Друг, приютивший в 1940 году мою тетрадь – «Софью Петровну» – зимою 1942-го умер от голода. Об этом я узнала еще в Ташкенте. Но сейчас, навестив его сестру, я узнала, что перед смертью он принес «Софью Петровну» – ей. Со странным чувством отчужденности перелистывала я страницы – след другого, давнего времени; перелистывала повесть о другой, довоенной гибели: 1937–1940. Не бомбы, не артиллерийский обстрел, не осада, не блокада: беззвучная война вместо грохочущей.
В 1944-м мне казалось, что
Собравшись с силами, я, через несколько дней после приезда в Ленинград, отправилась к Пяти Углам. Тут предстояло взойти на самую вершину лобного места – если у лобного места бывает вершина. Подняться по той же лестнице на тот же третий этаж, открыть своими тремя ключами свои три замка.
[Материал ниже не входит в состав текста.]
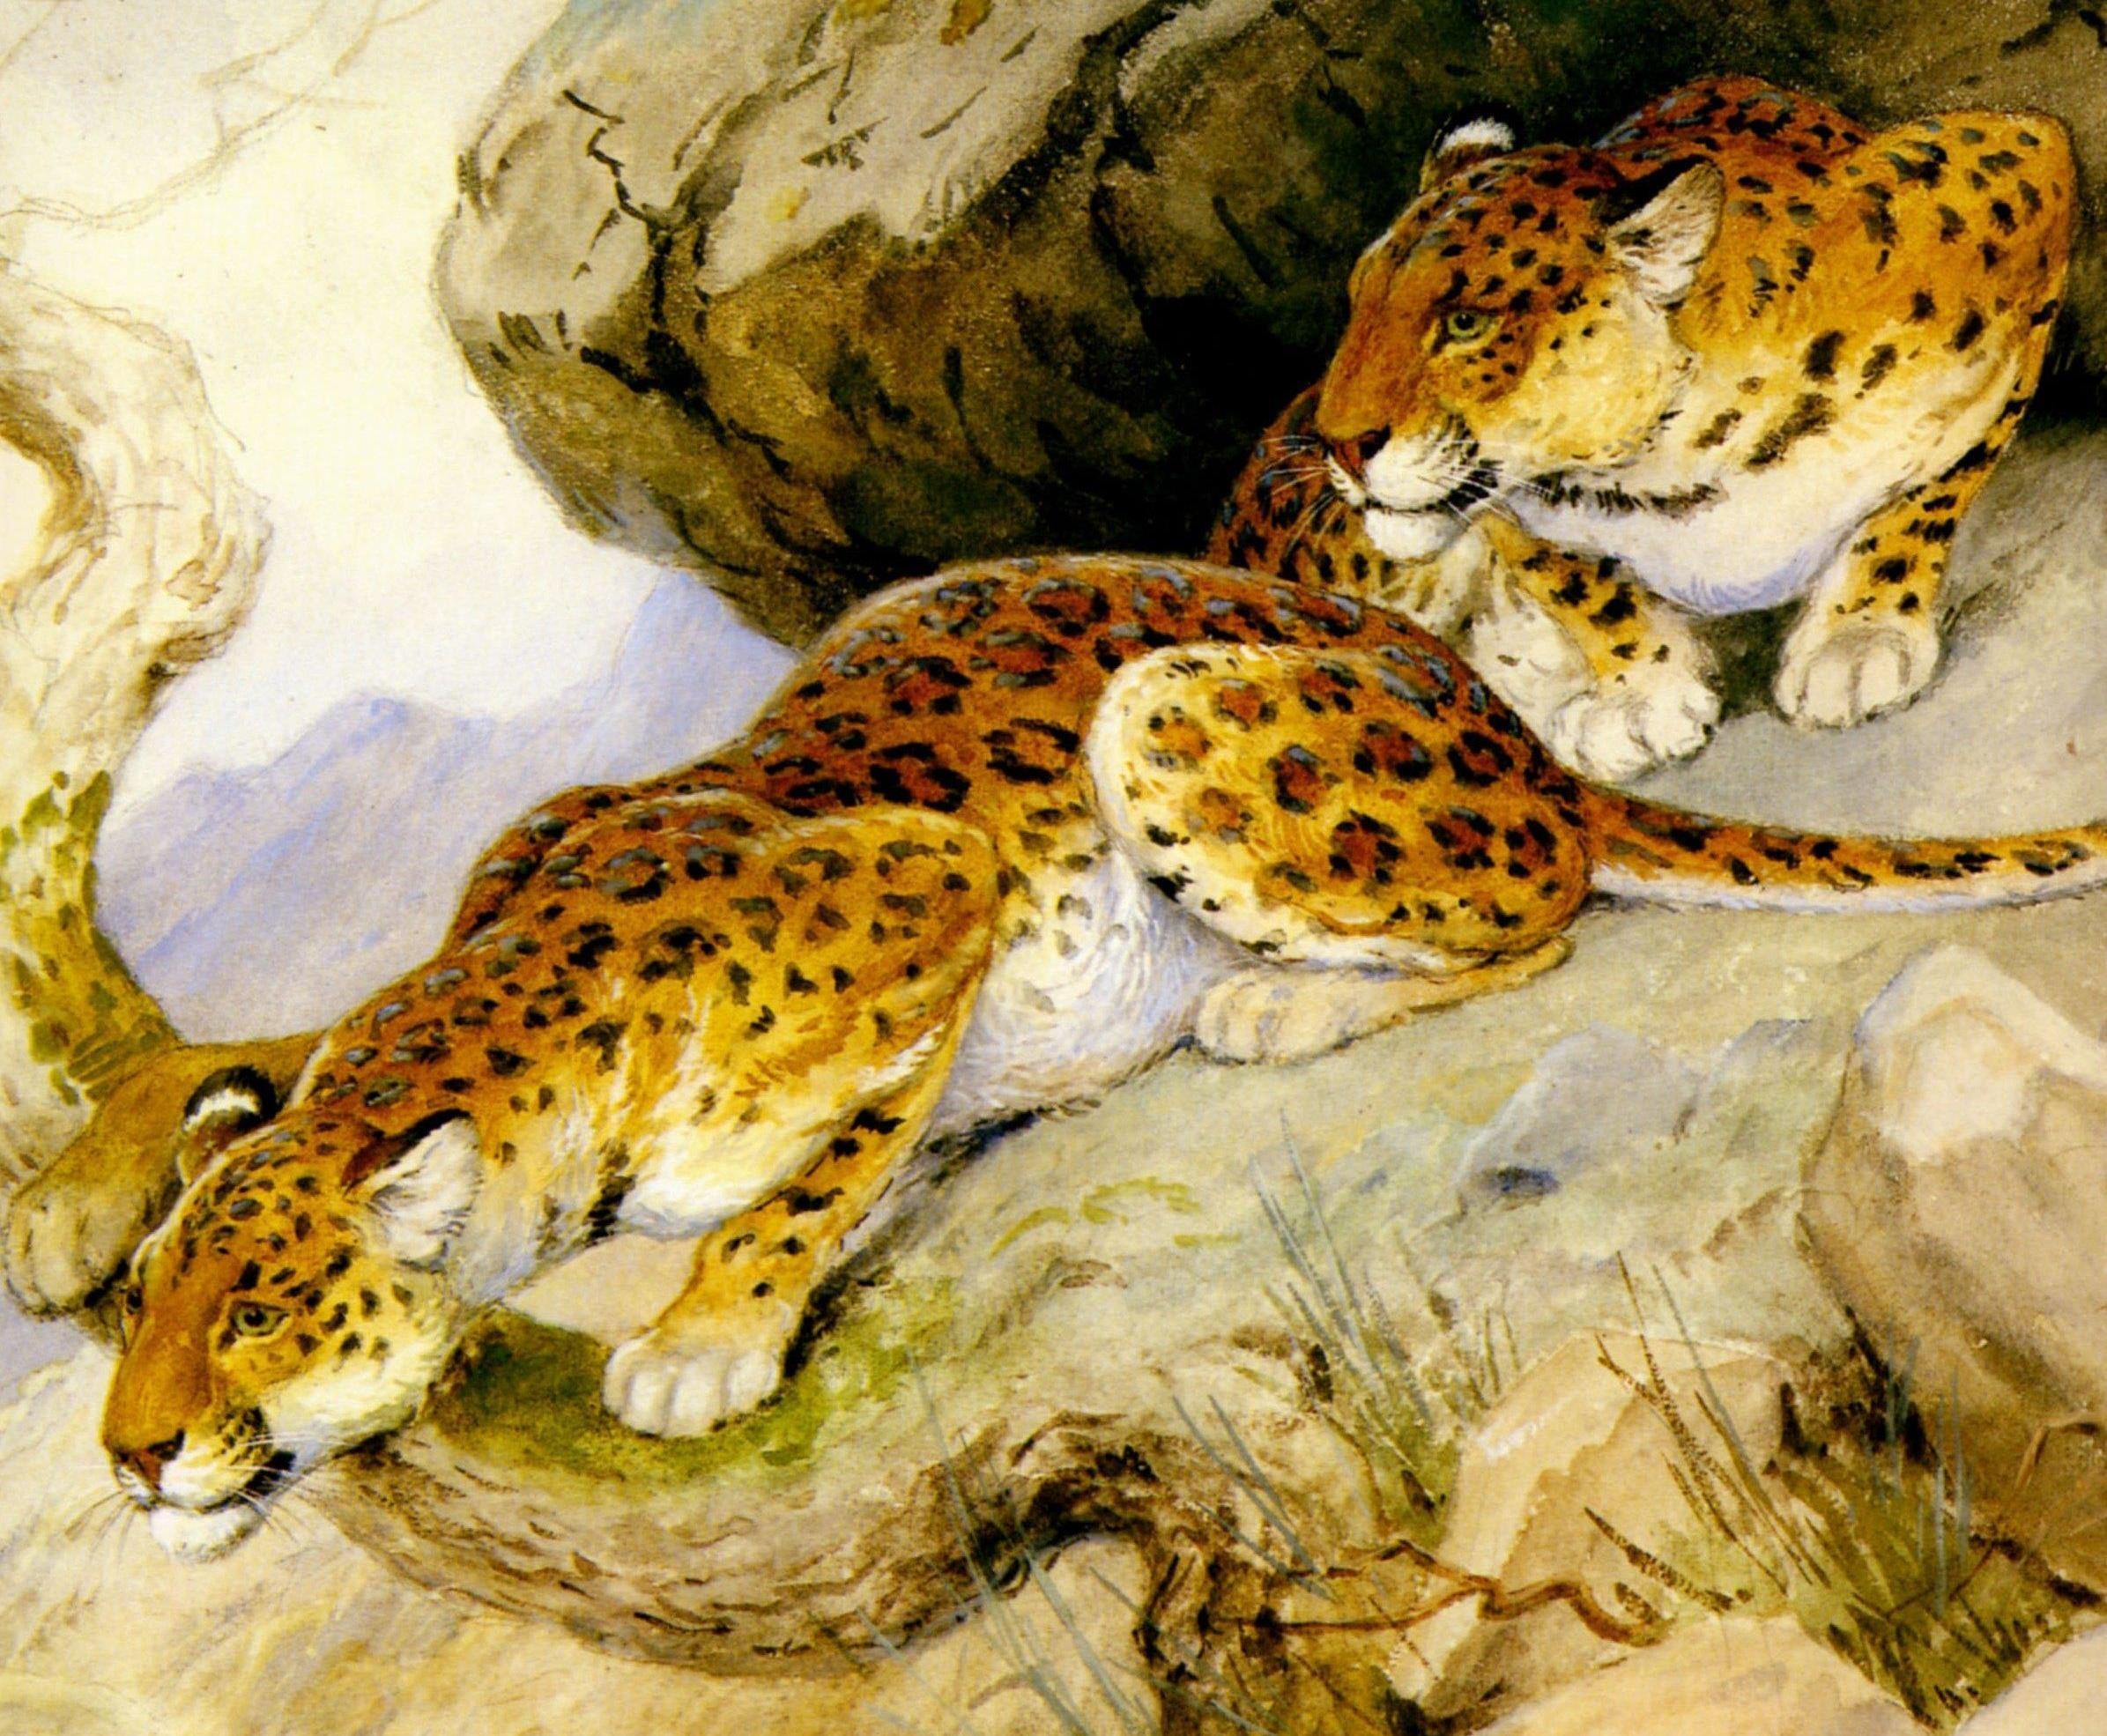 Леопард из Рудрапраяга

Ключи у меня с собою – с ними я не расставалась никогда и нигде, как с талисманом. Однако мне было известно, что хотя новый хозяин в командировке, семейство его – в эвакуации, а в квартире уже стоят их вещи. Входить туда без официальных свидетелей не следовало. Я отправилась в домоуправление и предъявила свой паспорт. Домоуправша оказалась новая и глянула на меня подозрительно. Но, порывшись в измызганной, обшарпанной, видавшей виды домовой книге, она установила, что, действительно, в квартире № 4 дома № 11 по Загородному проспекту проживала некогда семья: Бронштейн Матвей Петрович; жена его, Чуковская Лидия Корнеевна; ее дочь, Елена; и домашняя работница, Ида Петровна Куппонен. Одна комната 12 метров, другая 14, а третья (тут в книге было что-то перечеркнуто; по- видимому, поверх Бронштейна написано было Катышев; потом замазали и Катышева). «Что ж, пойдемте», – сказала управдомша неуверенно.
Поднялись. Вошли. Пожалуй, мне повезло: когда я переступала порог своего дома, рядом оказалась чужая, незнакомая, посторонняя женщина. На ходу она задавала вопросы: почем нынче в Ташкенте помидоры или сколько же там бывает градусов? Никакого соблазна расплакаться или, например, погладить обои, или дотронуться до оставшихся после конфискации книг или картинок на стене – у меня не было… «Сколько там бывает градусов? Да в тени до сорока доходит… Зимою ливень ливмя». На дверях Митиной комнаты я увидела сухие, побуревшие следы сургуча. Не отмыта еще дверь от запекшейся крови.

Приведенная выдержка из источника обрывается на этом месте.